Where Fannie Mae And Freddie Mac's Capital Requirement Should Be

Howard suggested that the multiple should be large enough to provide "meaningful protection" against the unexpected or error in the model of the stress test but not so big that it overrides the true risk-based element and distorts the GSEs' credit pricing. He believes a multiple of 1.3 is about as big it could be without violating the second principle.

Another factor the FHFA should consider when determining the size of the cushion is the fact that the amount of capital Fannie and Freddie will actually hold will be more than the bigger of the minimum or the risk-based standard.

Howard suggests that Fannie Mae's and Freddie Mac's minimum capital requirement should be at 2.5% instead of the 4.55% set by Calabria, and he gave three reasons for his argument.

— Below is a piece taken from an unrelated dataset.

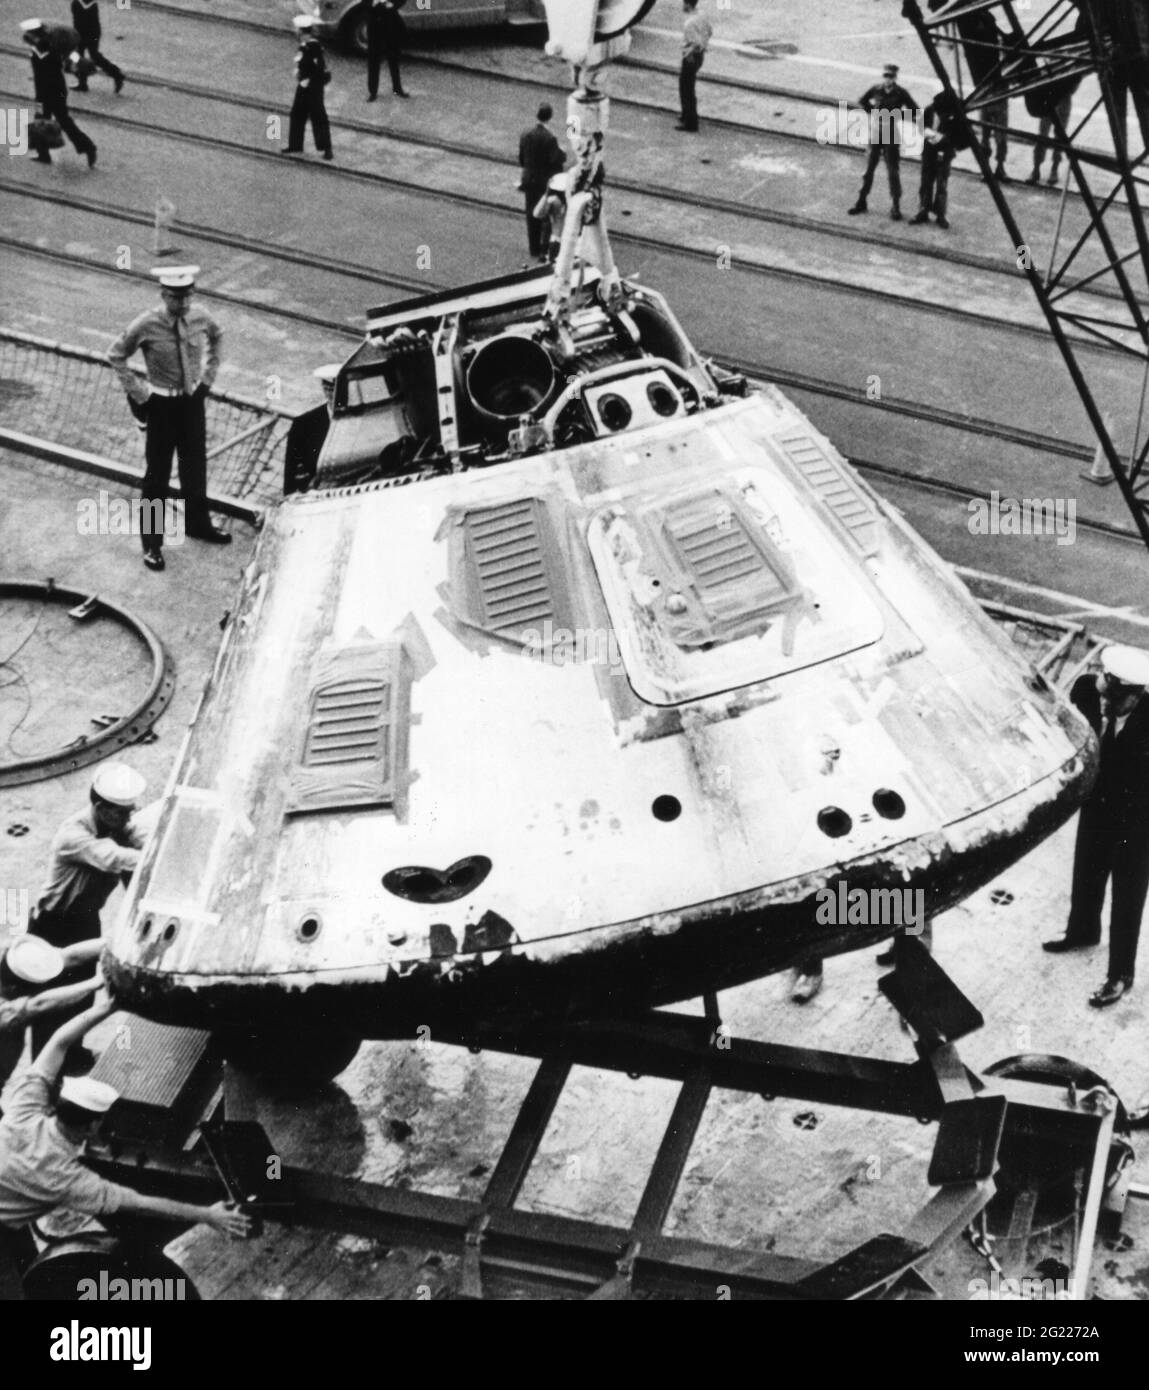 Aérospatiale / voyage dans l'espace, projet Apollo, 1961-1975, Apollo 7, 11.10.1968 - 22.10.1968, INFO-AUTORISATION-DROITS-SUPPLÉMENTAIRES-NON-DISPONIBLE Banque D'Images

The first is that HERA already contains a 2.5% capital requirement for the GSEs' on-balance-sheet assets with a 45-basis-point requirement for their off-balance-sheet guarantees, which they only take credit risk on.

Second, he pointed out that the FHFA's June 2018 capital proposal stated that the conservative of the two alternatives for the GSEs' minimum capital was 2.5% of on-balance-sheet assets and off-balance-sheet guarantees. Finally, Howard said 2.5% is also the minimum in the capital rule set by Calabria if excluding the "prescribed leverage buffer amount," which is 1.5%.